▽
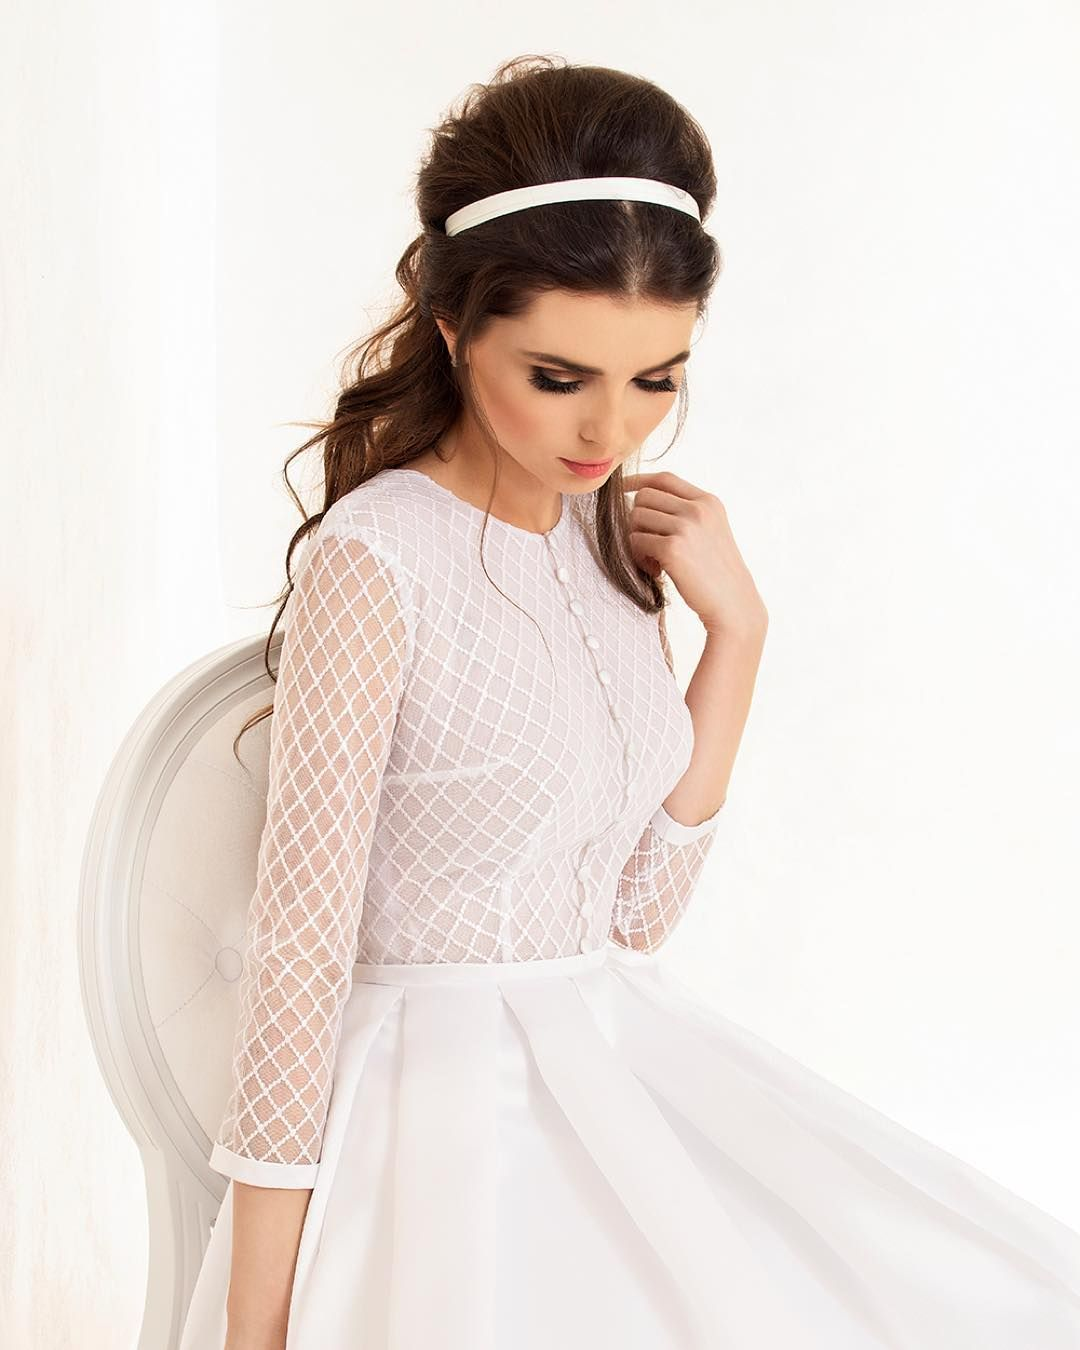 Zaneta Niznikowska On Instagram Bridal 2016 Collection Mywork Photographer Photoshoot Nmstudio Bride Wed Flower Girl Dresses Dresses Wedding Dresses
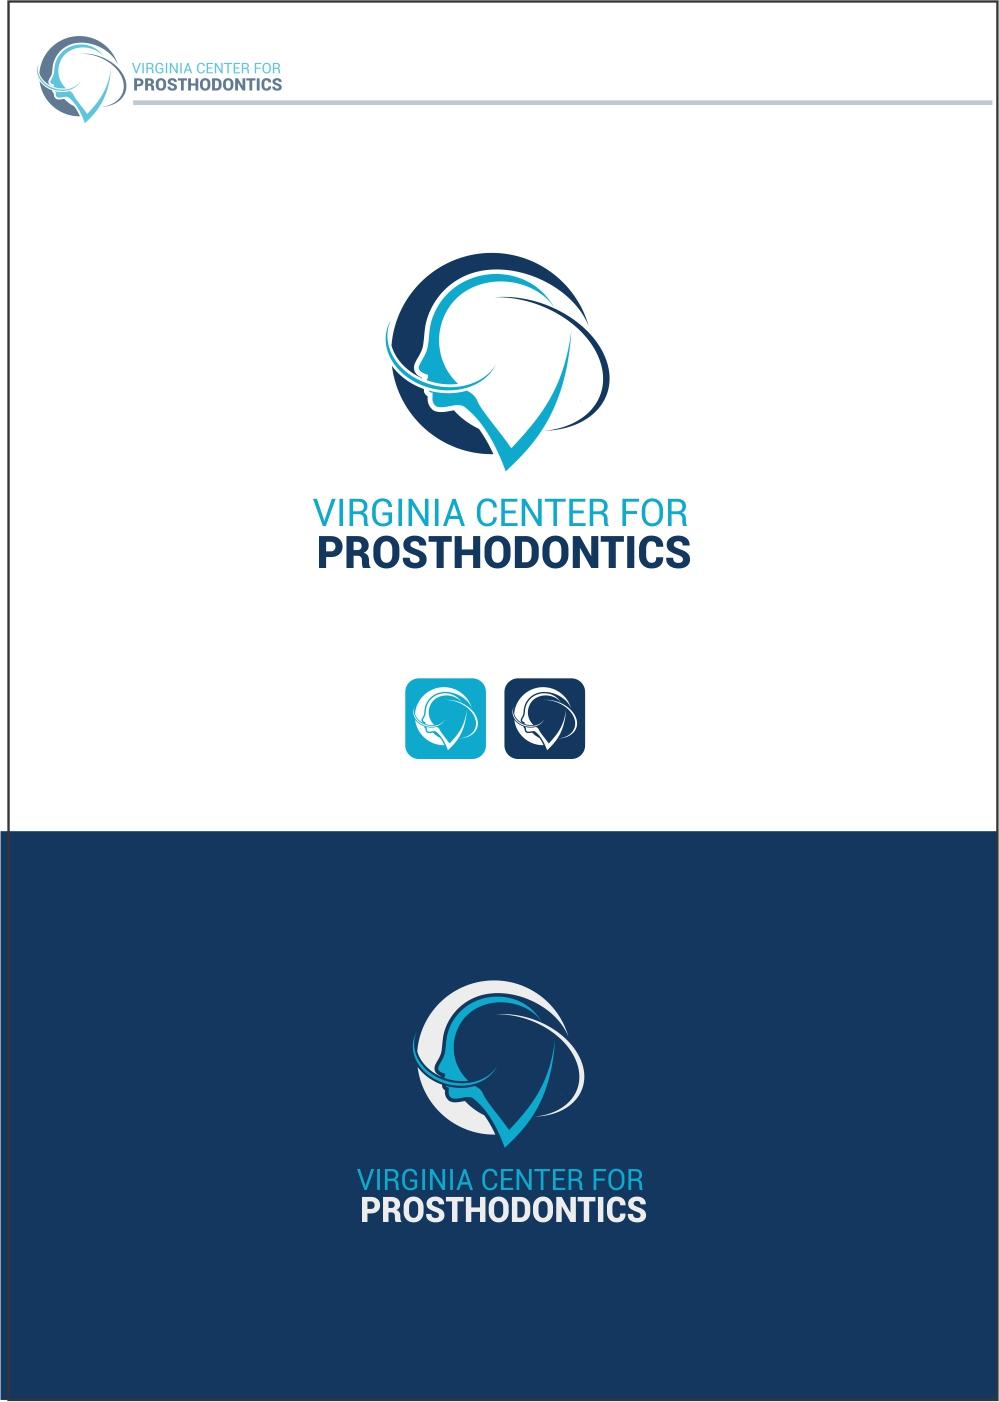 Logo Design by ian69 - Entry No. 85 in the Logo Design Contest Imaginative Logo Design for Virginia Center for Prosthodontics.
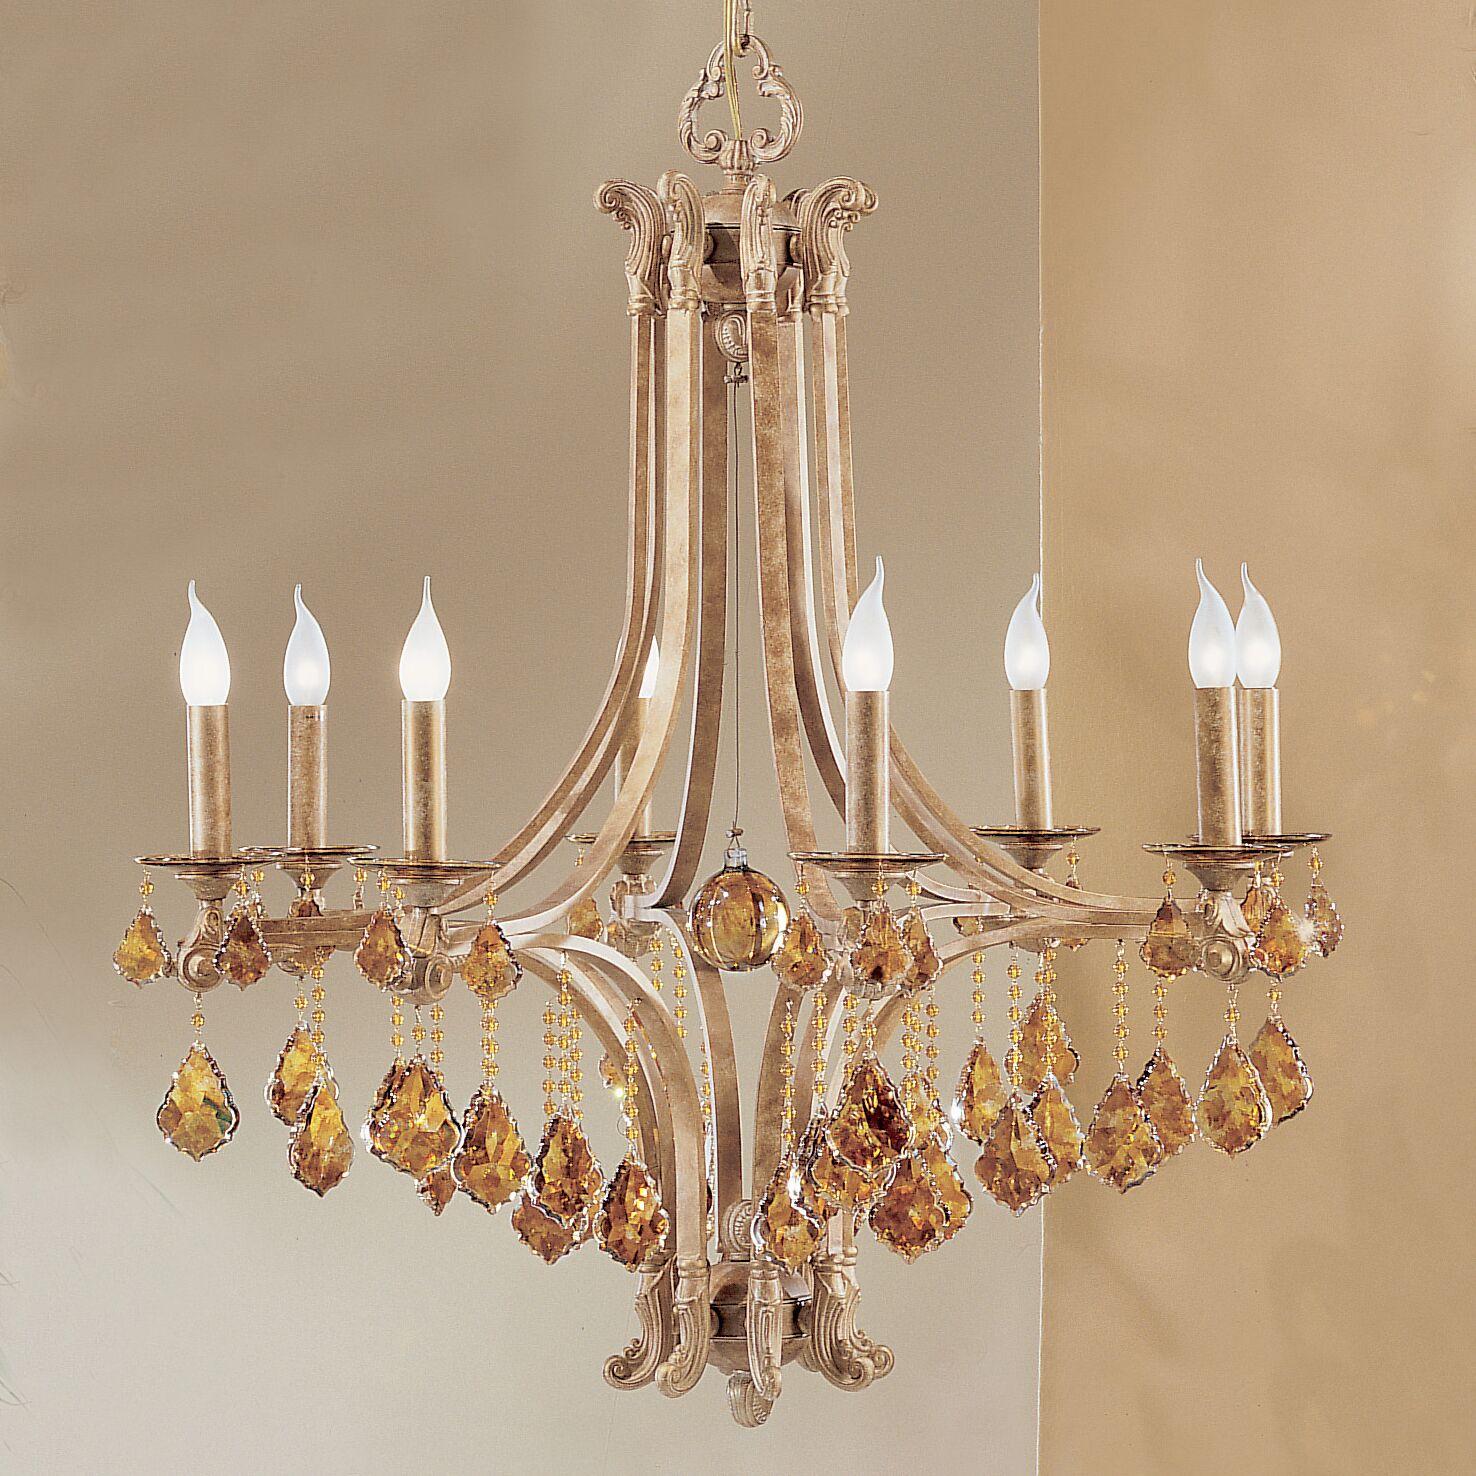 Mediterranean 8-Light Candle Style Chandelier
△
Instructions for the task:
Retype all the material word for word while skipping any picture it contains.

Result for this exercise:
 Zaneta Niznikowska On Instagram Bridal 2016 Collection Mywork Photographer Photoshoot Nmstudio Bride Wed Flower Girl Dresses Dresses Wedding Dresses
 Logo Design by ian69 - Entry No. 85 in the Logo Design Contest Imaginative Logo Design for Virginia Center for Prosthodontics.
 Mediterranean 8-Light Candle Style Chandelier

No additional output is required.